The big message out of the suspension of Governor Romney’s campaign for President is the people’s revolt against the punditry that shoved his candidacy down their throats. Conservative bloggers, radio hosts and opinion leaders have been unabashedly promoting Mitt Romney as their candidate by unprecedented personal attacks on John McCain and Mike Huckabee and their accusations that these candidates are “liberal.” They forgot all about their role as analysts and commentators and became advocates. Actually, their attitude was more than a little condescending and patronizing; they seemed to say “we know what we’re talking about so just take our word for it and go out there and vote the way we tell you to vote.”
The American public doesn’t take orders very well. They felt like they were being steamrolled. Besides, voters were all too aware that Romney is not a perfect candidate, either. Plus, they couldn’t relate to Governor Romney; it can’t have helped his chances that Americans have a visceral dislike of the idea of the presidency being for sale to the highest bidder. George Soros found that out in 2004.
It’s not really surprising, then, that Governor Romney’s campaign didn’t fly and the scarred, snow-haired hero Senator McCain will likely prevail. Super Tuesday looks to have been the “tipping point” for the GOP. McCain is the GOP frontrunner after prevailing in all the “winner take all” states; by winning four large Northeast states he collected 198 delegates. Romney didn’t win where he needed to win and was much weaker as a result.
There were numerous ironies in the campaign: With his business background, Romney should have been the economy candidate, but on Super Tuesday McCain won a lot of votes from people who cited the economy as their first concern. Romney spent millions in advertising, but did not win in the decisive states of California, New Jersey, New York, Missouri or Georgia. McCain won them all except Georgia, which Huckabee won.
At this point, we cannot dismiss Governor Huckabee, who made up for his lack of money and streamlined staff with charm, oratory, and humor. He did well on Super Tuesday with a successful sweep in the south that surprised all but a few of the pundits. He has vowed to stay in the ring and now he has the endorsement of the 800-pound Dr. James Dobson to add wind to his sails.
A fellow conservative policy wonk commented to me that he had quit reading many of his favorite columnists; he just didn’t want to read their constant “harping” that brooked no alternative to their position. This is a smart, educated, sophisticated conservative; he reads all the pundits; but those in his camp – with a few exceptions like Victor Davis Hanson, Michael Medved and Ed Morrisey – forgot their role as dispassionate, objective analysts and commentators. Instead, they became consumed with a doctrinaire political agenda and tried unsuccessfully to throw their supposed weight around. The public didn’t buy it; they rejected the “know-it-alls” and simply didn’t vote for the favorite candidate of the movement heavy-weights.

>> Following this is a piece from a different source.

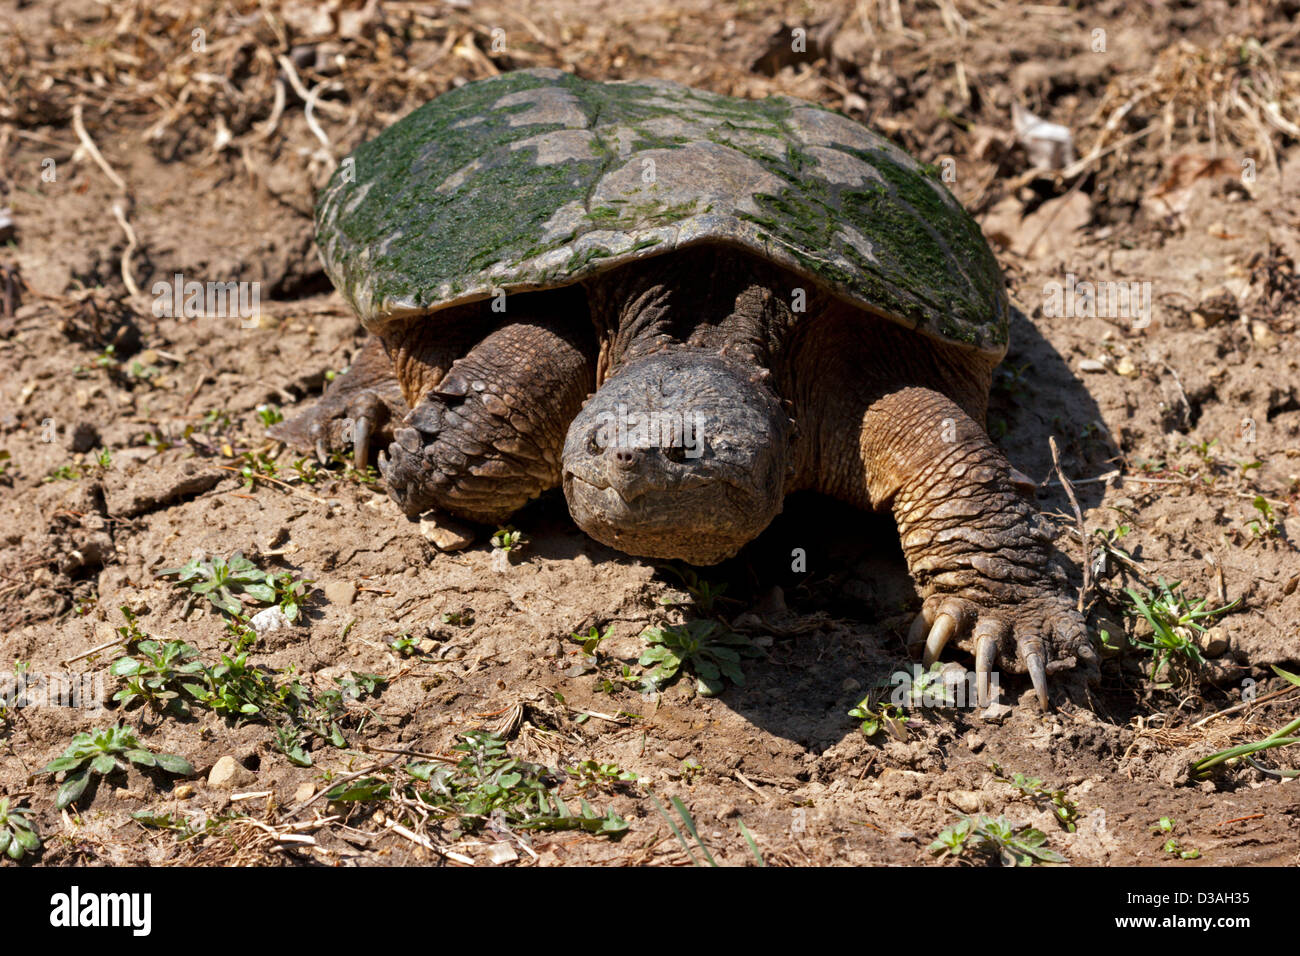 Schnappschildkröte großes Reptil Stockfoto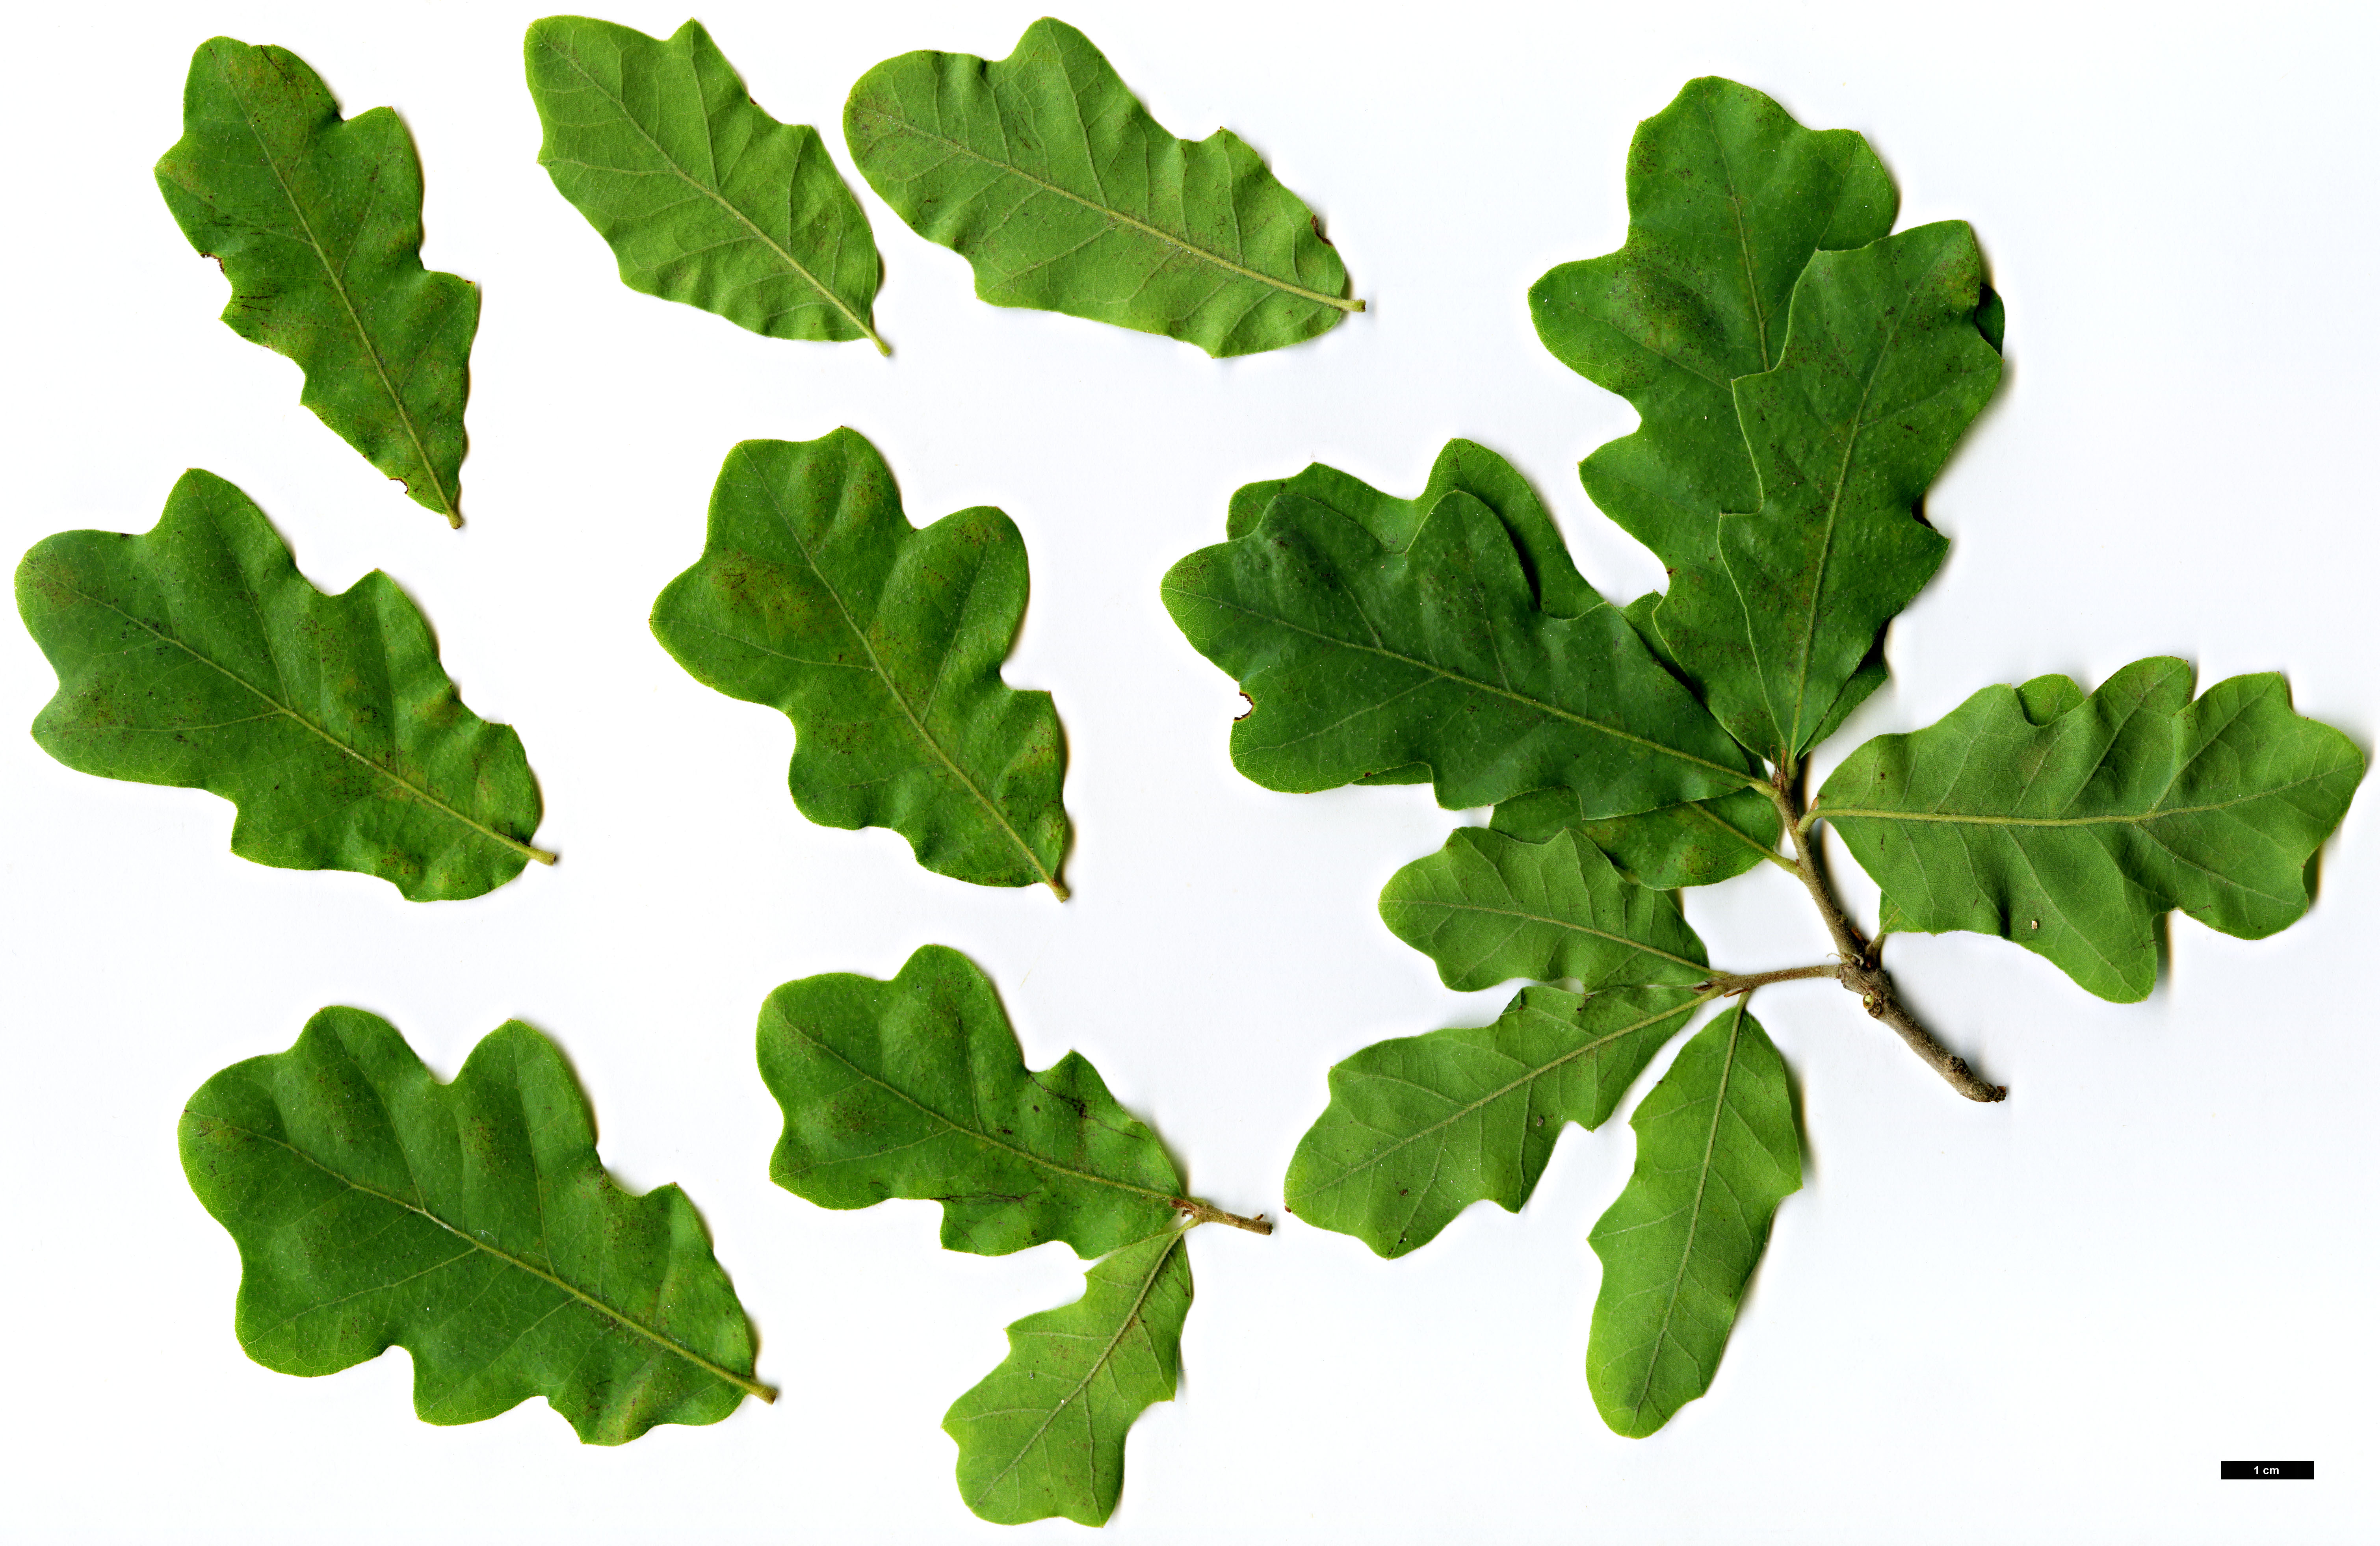 High resolution image: Family: Fagaceae - Genus: Quercus - Taxon: mohriana × Q.stellata

Romney has plenty of time to fight other political battles and to wage future campaigns. In the meantime, the pundits on his bandwagon ought to insist that he prove his conservative credibility. It is not enough for them to just declare that his current stance on the issues is legitimate. Many grassroots conservatives doubt his rhetoric on some key concerns — especially abortion and so-called “gay marriage.” The voting public has been burned before by trusting too soon. Now Romney has an opportunity to win over the skeptics; by being tested, he can prove that his new commitment on the social issues is real. He can surround himself with people that conservatives trust and, over time, he can win over the people who currently doubt his conversion. In the meantime, the conservative pundits can work to restore their credibility, too.